Don Dodge has a great post on the software as a service (Saas) business model. Here is his list of things a potential SaaS provider must focus on:
- Cashflow - VCs must be patient and willing to fund you to break even.
- Sales compensation - Look at metrics, total compensation, and cash flow.
- Engineering - Have an open architecture that supports end user customization
- Hosting - Partner with a solid, well funded, hosting company
- Legal contracts - Automatic renewals, termination clauses, SLA (Service Level Agreements), privacy issues, data loss, data export, and a variety of other issues must be addressed in your subscription license.

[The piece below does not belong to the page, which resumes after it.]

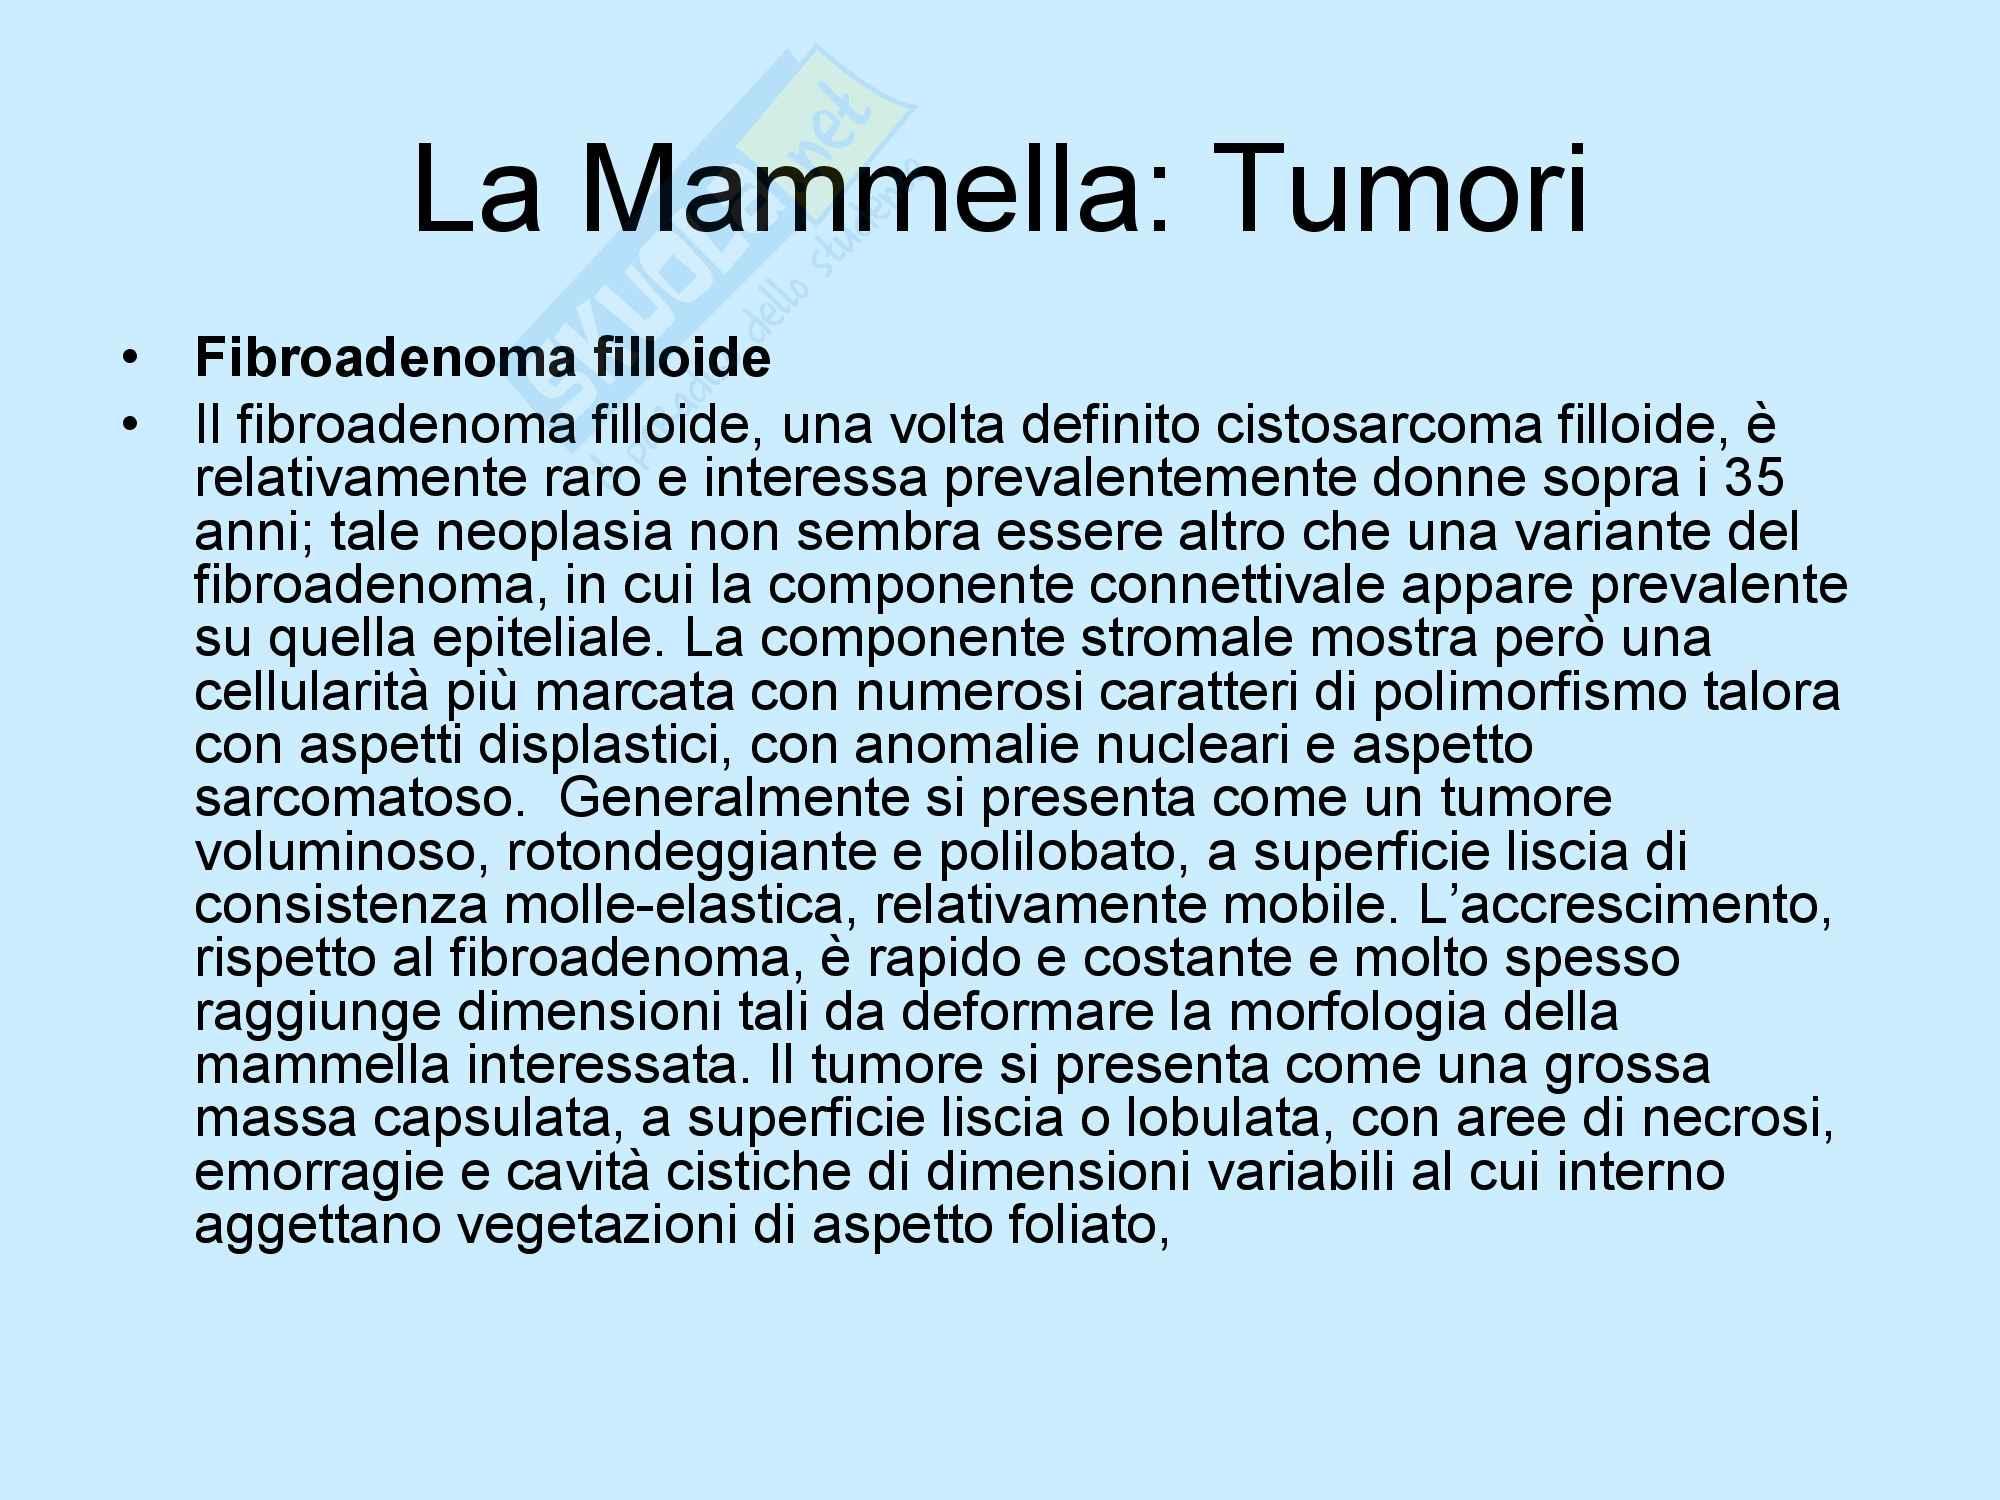 Tumori Mammella - Semeiotica Chirurgica. Pag. 6

With traditional enterprise software, consultants configure the system, tailoring it to the customer’s requirements. In far too many cases, some sort of project problem results — delays, cost-overruns, lost ROI opportunities, and all the other evils that this blog describes.
In contrast, the SaaS model relies on products that are simpler to use and easier to deploy than traditional installed applications. Clearly, lower cost is an immediate benefit to the software as a service customer. Of course, lower cost means that the elusive software ROI becomes more easy to achieve. It’s enough to make even the most hardened CFO smile.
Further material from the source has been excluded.